General Electric Inks High-Speed Rail Deal With Chinese Government

While President Obama grappled with
political concerns during his trip to China this week, General Electric
was busy signing technology-sharing agreements with Beijing partners --
including a high-speed rail pact that positions GE to leap ahead of its
competitors in the race for business from the Obama administration's
bullet train rollout.

china_high_speed_rail_plans_economic_stimulus.jpgOne of China's high-speed rail cars. (Photo: TreeHugger)

The deal involves a net gain for both parties. GE plans to share its low-emissions Evolution Series
technology with CSR Qishuyan, China's biggest diesel locomotives
company, while China's Ministry of Railways will license high-speed
rail technology to GE.

And given American policymakers' concerns
that U.S. "high-speed" trains will be too slow to compete with overseas
models, it's worth underscoring that the GE-China deal has a target
speed of 350 kilometers per hour, or about 220 mph.

The deal,
which GE says could provide up to 3,500 U.S. jobs, requires 80 percent
of the materials for high-speed rail construction and 100 percent of
the assembly to come from American sources.
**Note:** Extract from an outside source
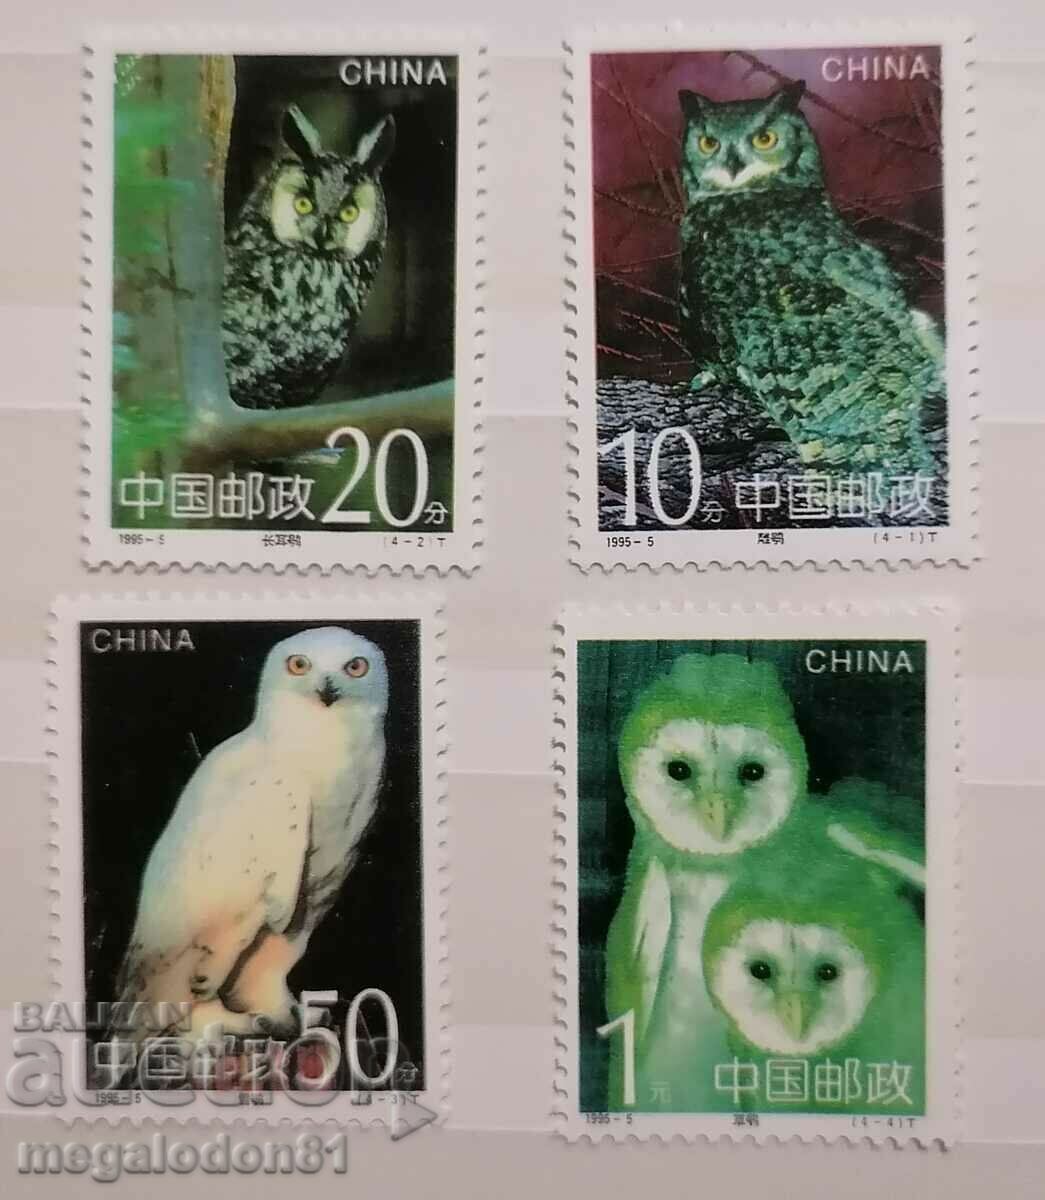 China - nocturnal birds of prey

From the statement issued
by Tim Schweikert, president of GE Transportation China:

Rail in the U.S. and in markets worldwide is a significant opportunity
for infrastructure and business growth. With the signing of today's
framework agreement, GE and China’s Ministry of Railways have provided
the basis for a cooperation-focused framework that will enhance
economic development, create new jobs and promote research and
development for high-speed railway technology.
While GE
currently is the world leader in locomotive diesel-electric and
electronic control systems technology, China currently is a leader in
high-speed rail technology for speeds of 220 miles per hour. Working
together, both parties could develop the best solutions faster to serve
America’s high-speed rail needs for many years to come.